There are, however, often responses to climate problems that also have positive health impacts for disadvantaged groups. Investment of public resources in a programme of insulating homes, starting with those on the lowest incomes, would have a positive impact on both health and emissions. It could also provide jobs, reducing the risks to health posed by unemployment, and, if coupled with a procurement policy that supported quality jobs, would maximise the health benefits of employment.

Directors of public health and their teams are particularly well placed to coordinate climate action that improves, rather than undermines, the health of the poorest. They can monitor drivers of, and health threats from, climate change in their area, champion policies that improve both health and sustainability and then support healthy, sustainable action by convening departments, organisations and groups, investing and pooling resources and using their research expertise to evaluate impact. We know that such practice, however, is currently very difficult in the context of austerity and cuts to public health budgets, forcing a narrow focus on the short term and the statutory. Ironic, given the government’s supposed commitment to ill health prevention.
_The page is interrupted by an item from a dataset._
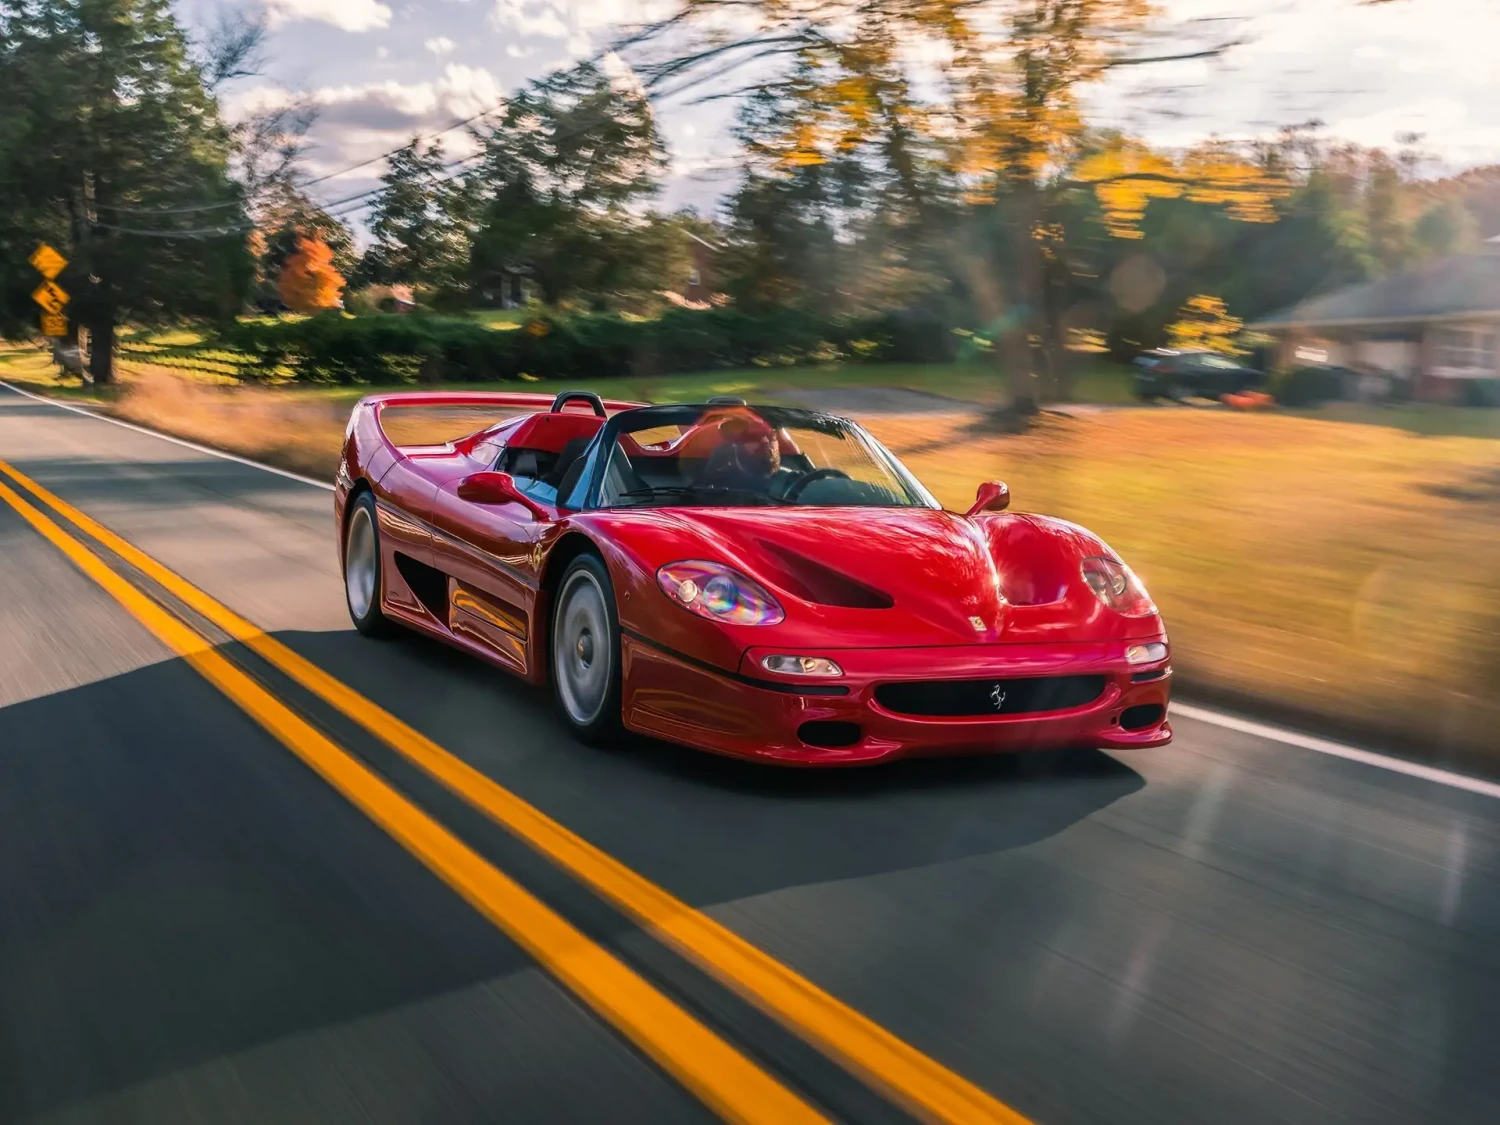 Ferrari uvede nový elektromobil. Má nabídnout stejný zážitek jako spalovací motor

A public health opportunity

As we scour our economy for the deeper carbon cuts we now need, the health system should be front and centre. This means the NHS and social care leading by example. Health professionals – from national leaders to front line staff – can play a key role in driving public debate, championing efforts and facilitating and supporting sustainability in decision making and action at all levels, while ensuring that action promotes, rather than undermines the health of the poorest.

Climate change is a daunting public health risk. But if tackling it runs side-by-side with reducing health disparities between rich and poor, climate change could also be a great public health opportunity.